*GIVEN MATERIAL*.
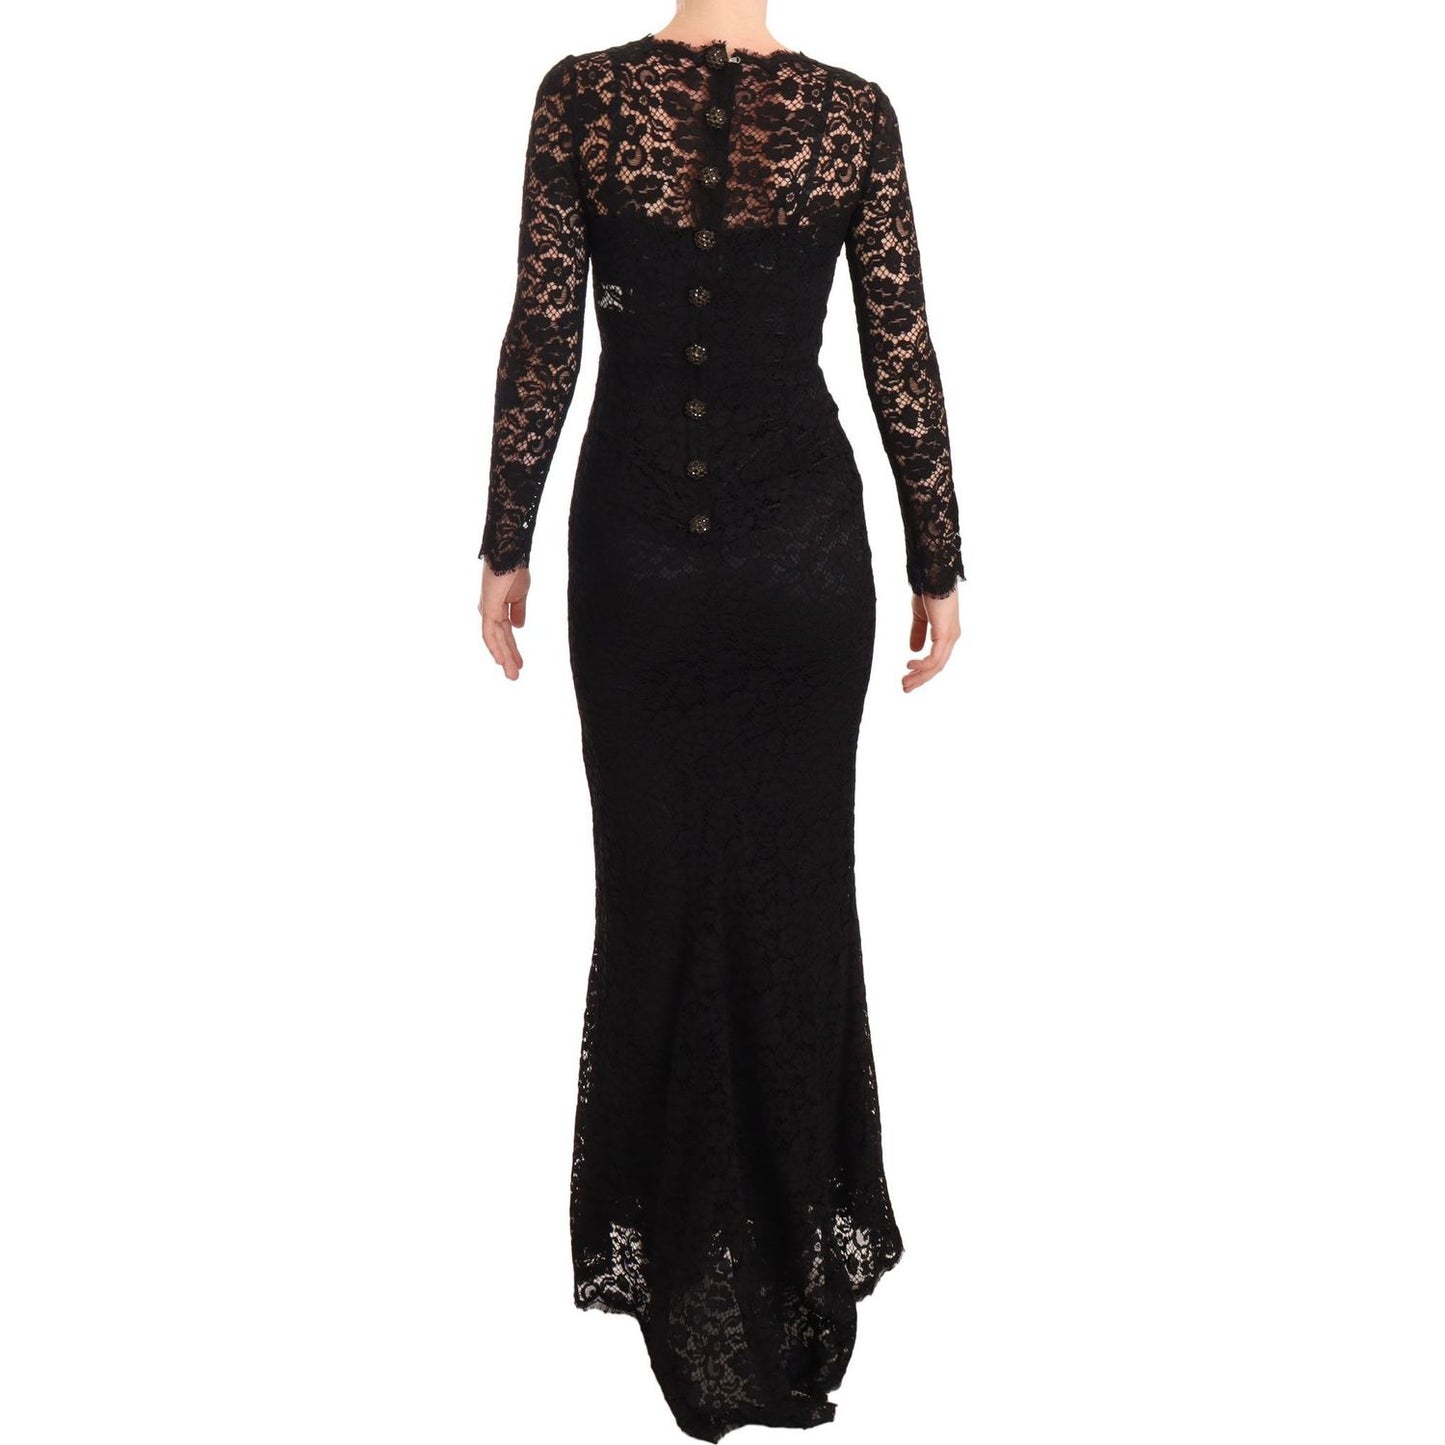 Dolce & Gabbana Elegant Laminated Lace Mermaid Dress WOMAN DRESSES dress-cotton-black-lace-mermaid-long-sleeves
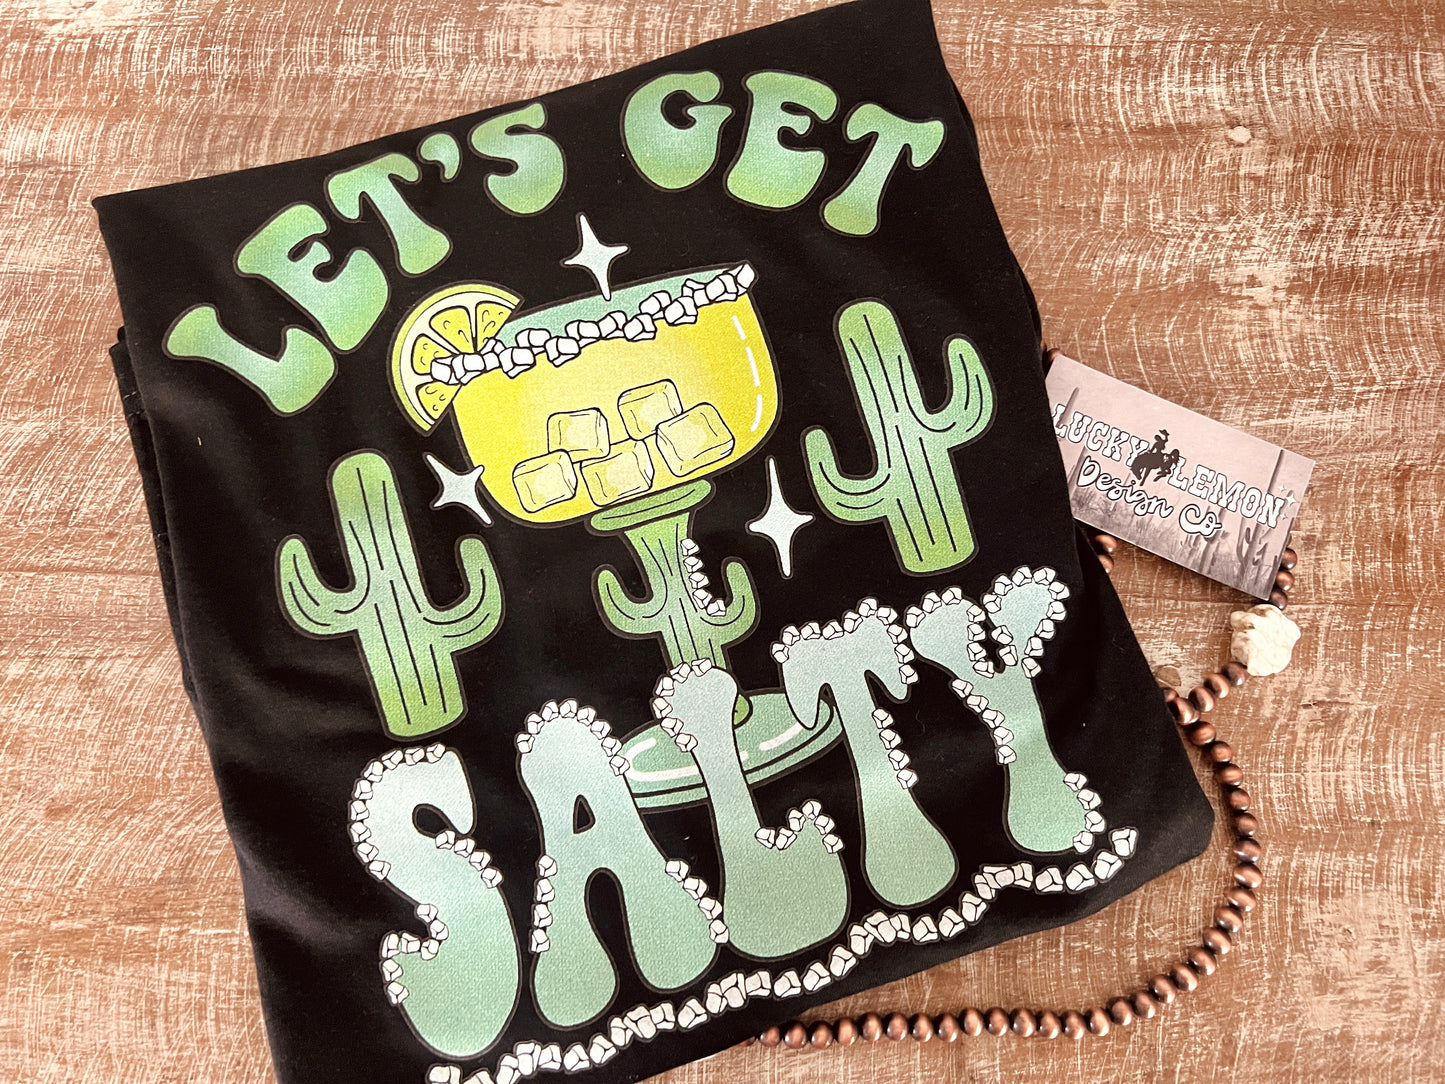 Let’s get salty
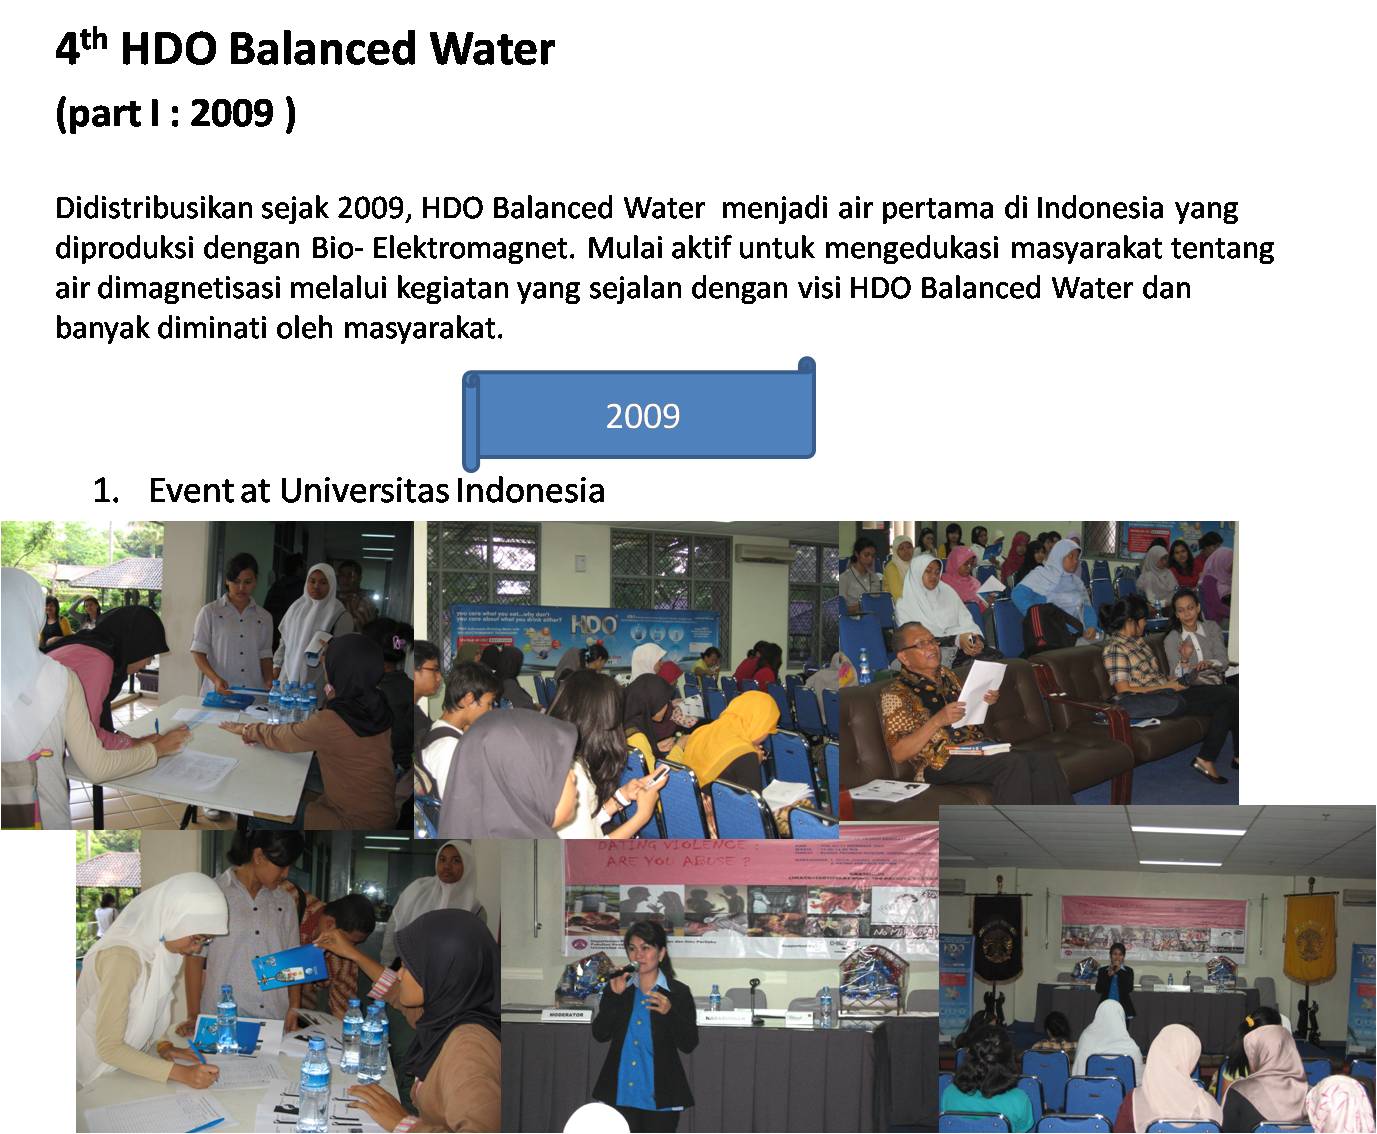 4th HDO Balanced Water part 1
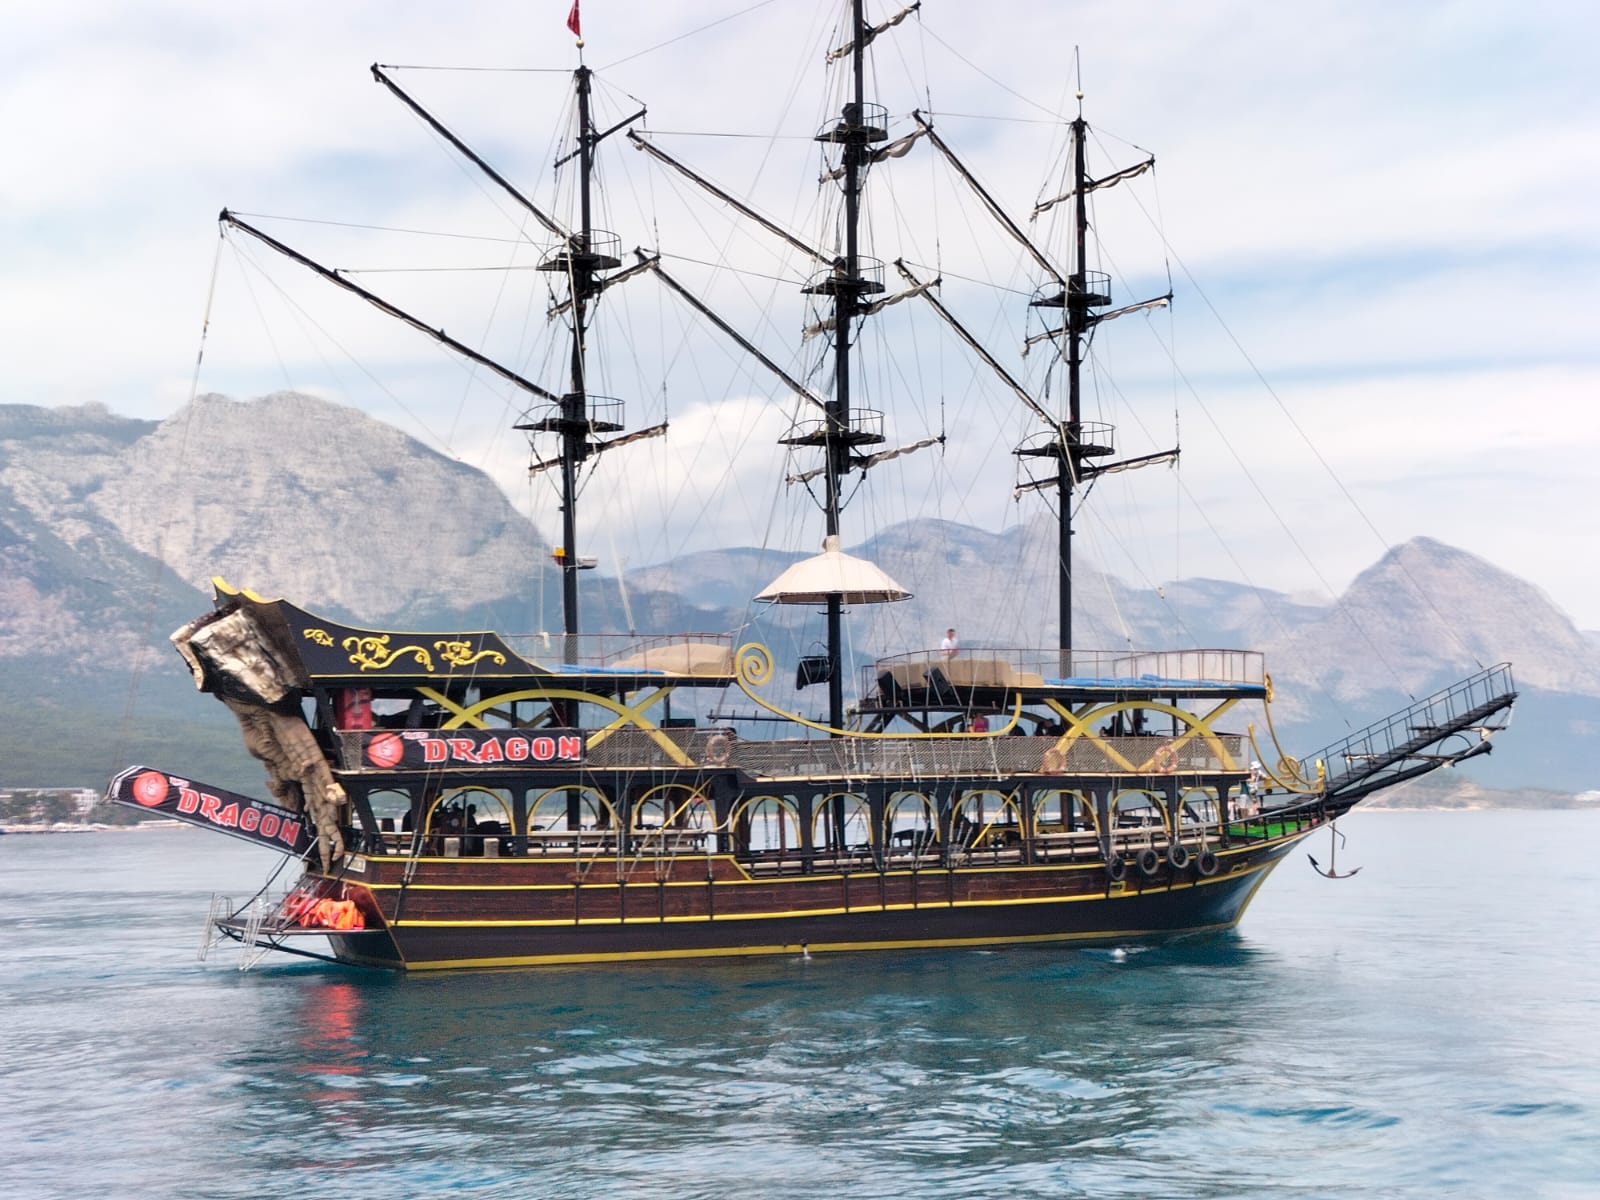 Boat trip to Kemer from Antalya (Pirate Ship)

*TRY IT*. Transcribe the material above word for word; images do not belong in the copy.

*RESULT BELOW*.
 Dolce & Gabbana Elegant Laminated Lace Mermaid Dress WOMAN DRESSES dress-cotton-black-lace-mermaid-long-sleeves
 Let’s get salty
 4th HDO Balanced Water part 1
 Boat trip to Kemer from Antalya (Pirate Ship)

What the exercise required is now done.